Когда бой пошлет рабочим новую победу и подымет флаг страны соседней ЦИК, я еще раз, может быть, поеду: Негорелое — Столбцы. Пассажиры сходят с быстропоезда перед бывшей пограничною сосной, дети слазят, мамы беспокоятся, отдыхает кит сверхскоростной. Под навесом старый столб хранится, рядом надпись, мраморно-бела. Мы читаем: «Здесь была граница». И действительно она была. Дети спросят: — Кто она такая! — Объясняю, гладя их рукой: — Паспорт проверяли, пропуская… — Дяденька, а паспорт кто такой? — Педагог я очень маломощный: — Ну, таможня, чемодан неся… — А таможня — это там, где можно? — Нет, ребятки, там, где все нельзя. — Непонятно детям — просто столбик, а куда приятней у окошка, мчась, видеть, как прекрасен мира облик с вихрем в триста километров в час. И не будет ни одной гранички! Ни жандармов, ни таможни, ни столба. Впишут школьники в тетрадные странички эти отмененные слова. Можно размечтаться упоенно, а пока железное «нельзя!». Через наш рубеж шпана шпионов крадется, на брюхе к нам ползя. А пока спокойно паспорт сверьте, чемодан, — двойного нет ли дна? Самая священная на свете, будь, граница, вся защищена!

Испания

Я не очень-то рвусь в заграничный вояж и не очень охоч на разъезд. Велика и обильна страна моя, и порядок в ней должный есть. Но посмотришь на глобус — для школьников шар, стран штриховка и моря окраска, — сразу тысячью рейсов махнет по ушам кругосветная качка и тряска. И чего прибедняться! Хочу увидать то, чего мое зренье не видело: где коралловым рифом пухнет вода, Никарагуа, Монтевидео… Я мечтал, не скрываю, право мое — жадным ухом прислушаться к говору, стобульварный Париж, стоэтажный Нью-Йорк, все вобрать это полностью в голову! Но сегодня, газету глазами скребя, я забыл другие искания, все мечты о тебе, все слова для тебя — Испания! Вот махнуть бы сейчас через все этажи! (Там — окопы повстанцами роются…) И октябрьское знамя на сердце зашить астурийцам от метростроевцев. Ты на карте показана желтым штрихом в субтропическом теплом покое, а взаправду твой зной проштрихован штыком, я сейчас тебя вижу такою! Не мерещатся мне улыбки Кармен и гостиничное кофе. Мне б хоть ночь пролежать, зажав карабин, с астурийским шахтером в окопе. Кстати, норму я сдал в позапрошлом году, ворошиловцы — надобны вам они, даже цветом волос за испанца сойду, — породнимся на красном знамени!

Ноги

В Париже по Rue St-Honore, и в синие сумерки проходил, где спит на пляжах витрин-морей вещь-змея и вещь-крокодил.

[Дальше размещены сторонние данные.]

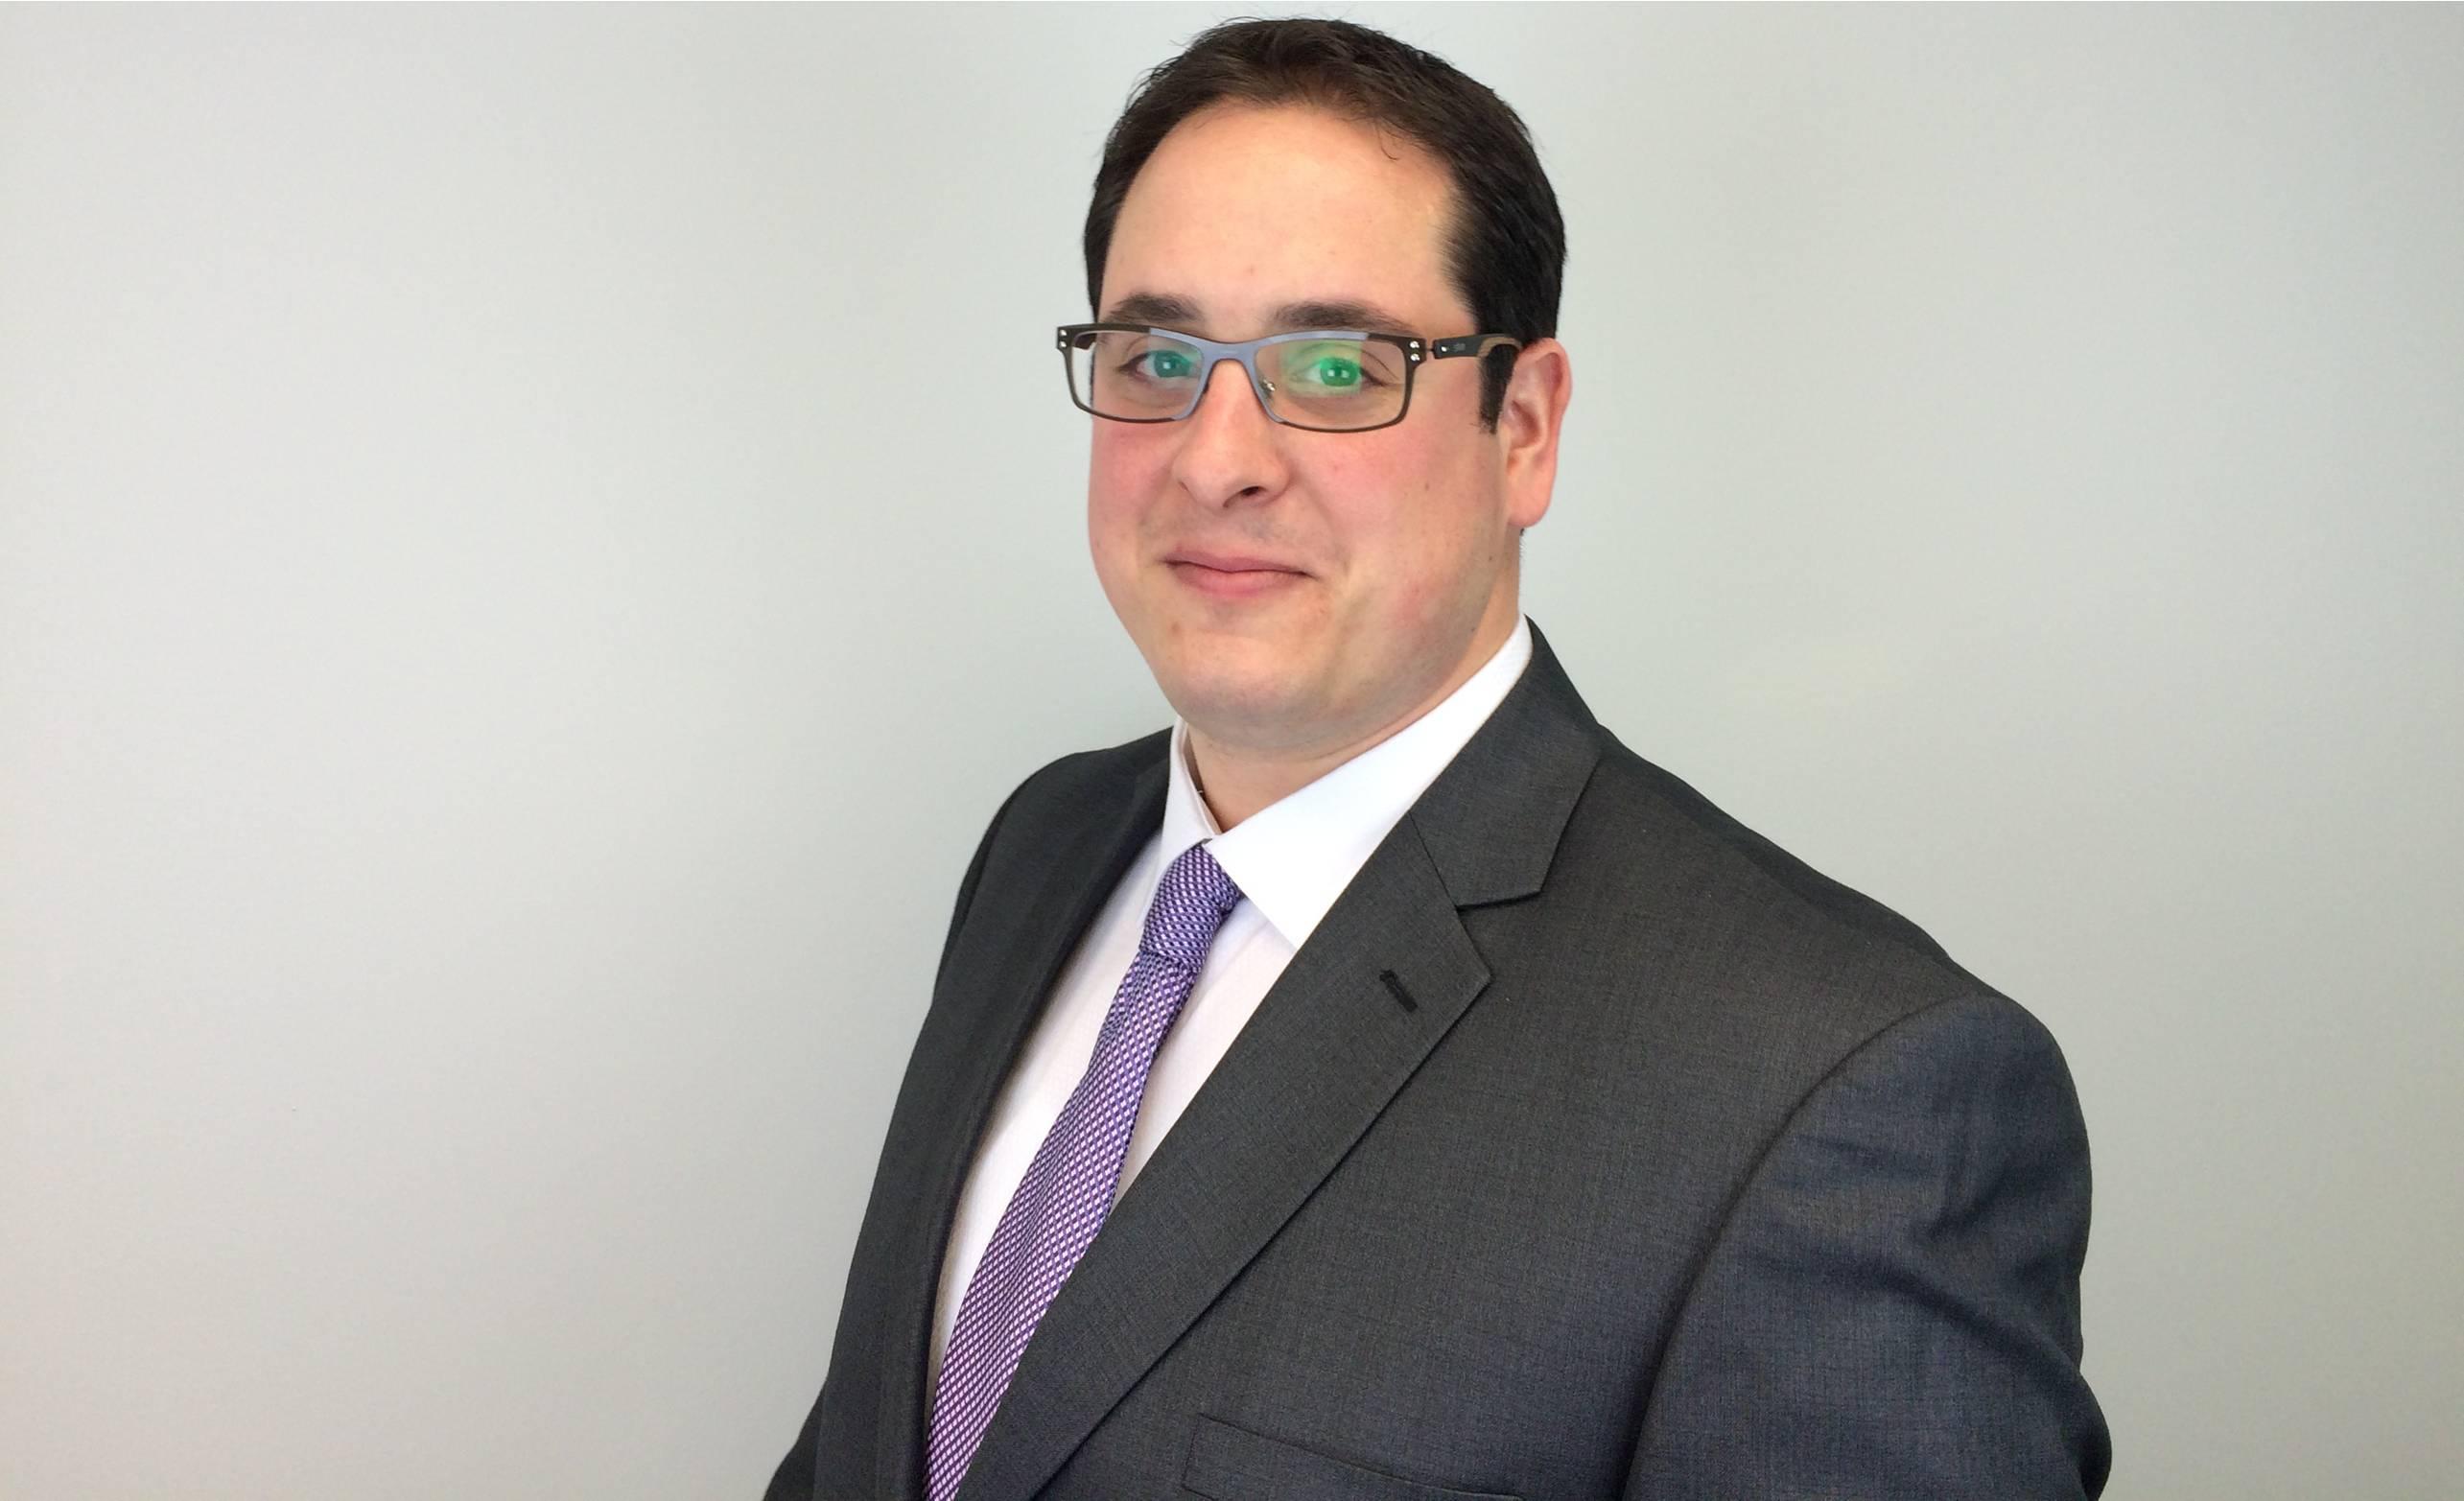 Ramzi Sfeir, candidat aux primaires sénatoriales socialistes et combattant pour l'immigration

В стекле — фарфоровый свет грудей, фаянсовых рук, неживых людей, розовой резины тягучая мазь на женщинах из пластических масс. Я подошел к одной из витрин. В вывеску вписывались огни, стекло зеркальное, а внутри ящик и две золотых ноги. Чулка тончайшего чудо-вязь и ноги без туловища, одни,— не воск, не дерево, не фаянс. Живые — вздрагивали они! Звездам пора уже замерцать, созвездья вползают на этажи; женщина в ящике ждет конца и несколько франков за эту жизнь. Вздрогнули мускулы под чулком, и дрожь эту каждый увидеть мог… Родиться не стоило целиком, чтоб жить рекламного парой ног. Но нечего делать, торговый Париж спускает шторы, вдвигает болты; Париж подсчитывает барыш за женские ноги, глаза и рты. Поднят на крышу кометный хвост, гаснут слова и дрожат опять, кто спать в постель, кто спать под мост, а кто еще одну ночь не спать… Я эту витрину ношу в мозгу, той дрожи нельзя замять и забыть; я, как спасение, помню Москву, где этого нет и не может быть.

Кладбище Пер-Лашез

Вот Пер-Лашез, мертвый Париж, столица плит, гранитных дощечек, проспекты часовен, арок и ниш, Париж усопших, Париж отошедших. Мать припала к ребенку, застыв, физик — с гранитной ретортой. Сырые фарфоровые цветы над надписью истертой. С каменной скрипкой стоит скрипач у камня-рояля на кладбище. Надгробья готовы грянуться в плач Шопеном траурных клавишей. Писатель, с книгой окаменев, присел на гранит-скамью. И вот стена, и надпись на ней: «Aux morts de la Commune». Я кепку снял, и, ножа острей, боль глаза искромсала, — Красная Пресня, Ленский расстрел, смерть в песках комиссаров, Либкнехт и Роза и двадцать шесть, Чапаев и мертвые Вены всплывали на камне стены Пер-Лашез, несмыты, неприкосновенны. Кладбищенский день исчерна синел, и плыли ко мне в столетье венки из бессмертников на стене, «Jeunesse Communiste» на ленте…

Станция «Маяковская»

На новом радиусе у рельс метро я снова радуюсь: здесь так светло! Я будто еду путем сквозным в стихи к поэту, на встречу с ним! Летит живей еще туннелем вдаль слов нержавеющих литая сталь! Слова не замерли его руки,— прожилки мрамора — черновики! Тут в сводах каменных лучами в тьму подземный памятник стоит — ему! Не склеп, не статуя, не истукан, а слава статная его стихам! Туннель прорезывая, увидим мы: его поэзия живет с людьми. Согретый множеством горячих щек, он не износится и в долгий срок. Он не исплеснится! Смотрите — там по строчкам-лестницам он сходит сам. Идет, задумавшись, в подземный дом — в ладонях юноши любимый том! Пусть рельсы тянутся на сотни лет! Товарищ станция, зеленый свет! Землей московскою на все пути, стих Маяковского, свети, свети!

Станция «Земная ось»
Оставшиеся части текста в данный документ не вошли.